DEMONSTRATION OF TECHNICAL PROFICIENCY: The laboratory has successfully demonstrated proficiency. Historical control data is included in the report.

ACCEPTANCE OF RESULTS:
- Acceptance criteria met for negative control: yes
- Acceptance criteria met for positive control: yes

Any other information on results incl. tables

Table 1: Results

		Tissue 1	Tissue 2	mean	Intertissue variability (%)
negative control (NC)	mean OD570	1,847	1,785	1,816
	viability [% of NC]	101.7	98,3	100	3,4
test substance	mean OD570	1,641	1,714	1,678
	viability [% of NC]	90,4	94,4	92,4	4,0
positive control	mean OD570	0,283	0,282	0,283
	viability [% of NC]	15,6	15,5	15,6	0

Applicant's summary and conclusion

Interpretation of results:

GHS criteria not met

Conclusions:

The mean viability of the substance of 92.4% is above the threshold of 60% given for irritants in OECD TG 492. Therefore, the substance is evaluated as non-irritating according to GHS criteria.

Executive summary:

The potential of Resin acids and Rosin acids, aluminium salts to cause ocular irritation was assessed by a single topical application of ca. 50 µL bulk volume (about 13 mg) of the undiluted test substance to a reconstructed three-dimensional human cornea model (EpiOcular™).

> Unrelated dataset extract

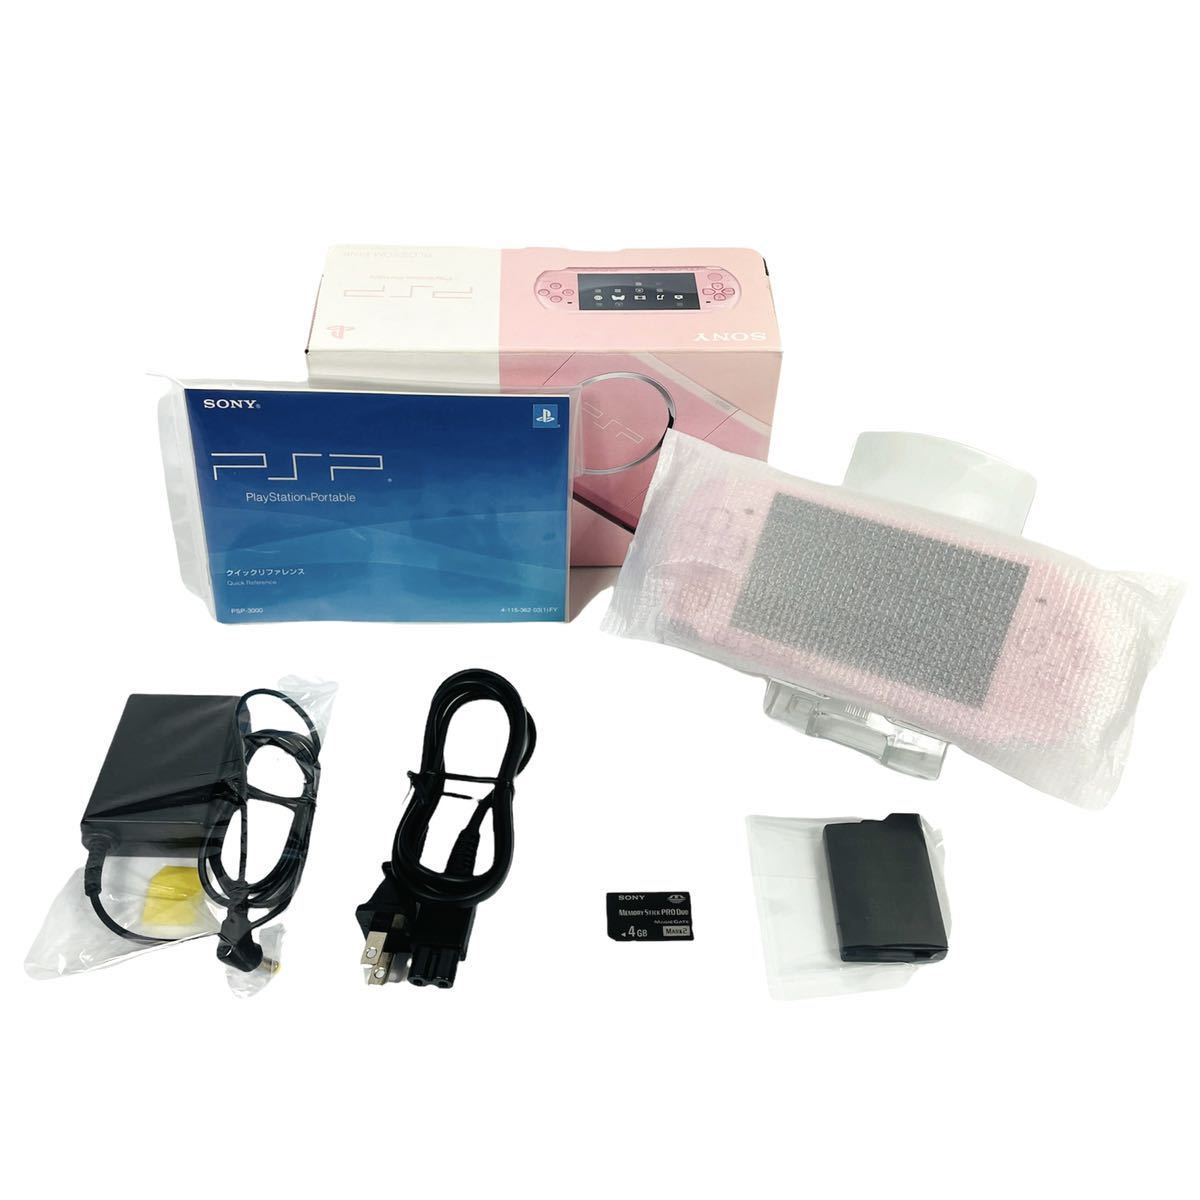 【期間限定お試し価格】 【美品】SONY 純正4GBSDカード付 PSP-3000ZP ピンク ブロッサム ポータブル プレイステーション PSP ソニー PSP3000シリーズ

Two EpiOcular™ tissues were incubated with the test substance for 6 hours followed by an 18-hour post-incubation period.

 

Tissue destruction was determined by measuring the metabolic activity of the tissues after exposure/post-incubation by using a colorimetric test. The reduction of mitochondrial dehydrogenase activity measured by reduced formazan production after incubation with a tetrazolium salt (MTT) was chosen as endpoint. The formazan production of the epidermal tissues treated with the test substance is compared to that of negative control tissues. The ratio of the values indicates the relative tissue viability.

 

The test substance is not able to directly reduce MTT directly. The mean viability of the tissues treated with the test substance was 92.4%. Based on the results observed and by applying the evaluation criteria it was concluded that Resin acids and Rosin acids, aluminium salts does not show an eye irritation potential in the in vitro EpiOcular™ eye irritation test under the test conditions chosen.